Why didn’t they tell me before?

You friend has probably been confused or unsure and thinking about this for months or even years. This does not mean they don’t trust or love you, nor is it a reflection on your friendship. It can be painful to realize that you don’t know your friend as well as you thought you did and that you may have been excluded from a part of their life. To some extent, this is true in all friendships and relationships, regardless of sexuality.

Gay, lesbian, trans* and bisexual people often recognize at an early age that they feel ‘different’, but it may take years before they can put a name to it or feel sure about things. It’s often not until this stage that they consider telling someone.

Even though you may have some sadness for not having been able to help your friend through that period, understand that they probably could not have told you any earlier. More importantly, them doing so now is an invitation for a more open and honest friendship.

Why did they have to tell me?

Some friends believe they may have been happier not knowing. They start to recall the time before they knew as ‘problem free’, remembering an ideal situation rather than the reality.

Sometimes we can try to deny what is happening by rejecting what we’re hearing (“it’s just a phase; you’ll get over it”); by shutting down (“If you choose that lifestyle I don’t want to hear about it”); or by dismissing or not registering the impact of what we’re being told (“that’s nice, and what do you want to see at the movies later?”).

 

Friends may feel resentment towards their friend’s sexuality. This feeling is based on the belief that to be gay, lesbian, trans* or bisexual was a conscious decision. Being GLBTQ is not a choice or decision people make. The main decision most GLBTIQ people have to make is whether to be honest about who they are or hide it. Hiding it imposes a tremendous burden. A large part of their life would be kept secret from you, and you would never really know them. While people may experiment for some time with their sexuality and/or gender, someone who has reached the point of telling their friends that they are LGBTQ is not usually someone who is going through a phase. Generally they have thought long and hard to understand and acknowledge their sexual orientation or gender identity. Telling friends they think they are LGBTQ involves overcoming a great many negative stereotypes and often taking a great risk, and few would take that step lightly or prematurely.

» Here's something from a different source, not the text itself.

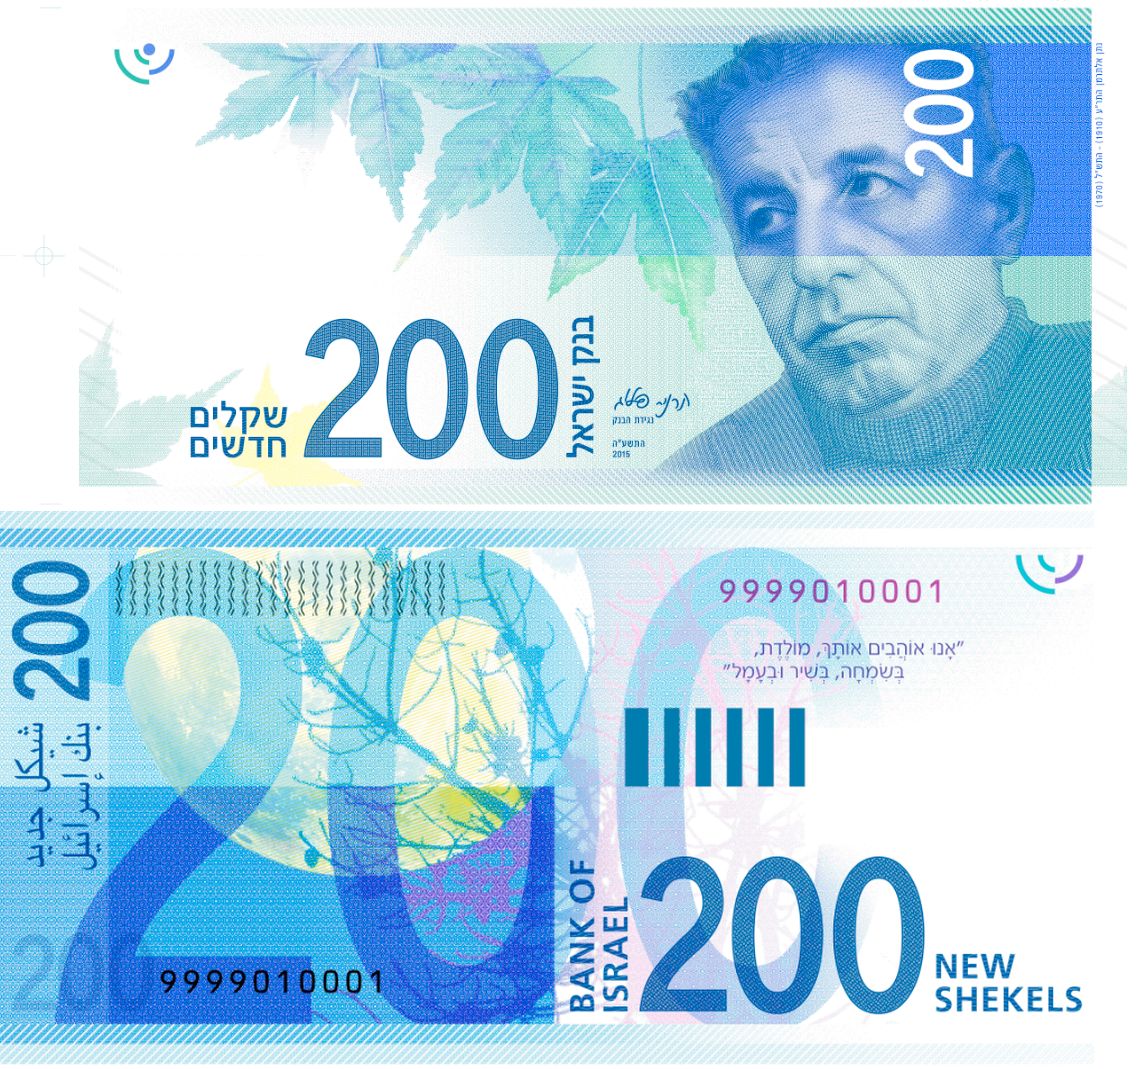 Izrael wprowadzi do obiegu nowy banknot o nominale 200 szekli

Will my GLBTIQ friend hit on me?

Would you hit on anyone/everyone from the opposite sex? Most people wouldn’t. Just because your friend is attracted to the same gender as themselves doesn’t mean they’ll hit on everyone who is that gender. Just as heterosexual people can be friends with the opposite sex, Homo/bisexual people can be just friends with people who are the same sex as them.

 

Most people would only hit on someone if they thought they would possibly respond well. So most GLBTIQ people would only hit on other GLBTIQ people who they think are attracted to them too. No-one wants to be rejected when they hit on someone, so hitting on someone who is straight wouldn’t make much sense.

 

If your friend does hit on you, it’s a compliment!! They think you’re attractive and might think it’s worth a try or have misunderstood your body language, but everyone has the right to say no. If your friend hits on you and you don’t feel comfortable with it; say so! Be assertive and respectful, but be clear about how you feel and what you want from your friendship. There are plenty of friends (straight and GLBTIQ) who can find each other attractive but respect that you will only be friends.

Why am I uncomfortable with my friend’s sexuality?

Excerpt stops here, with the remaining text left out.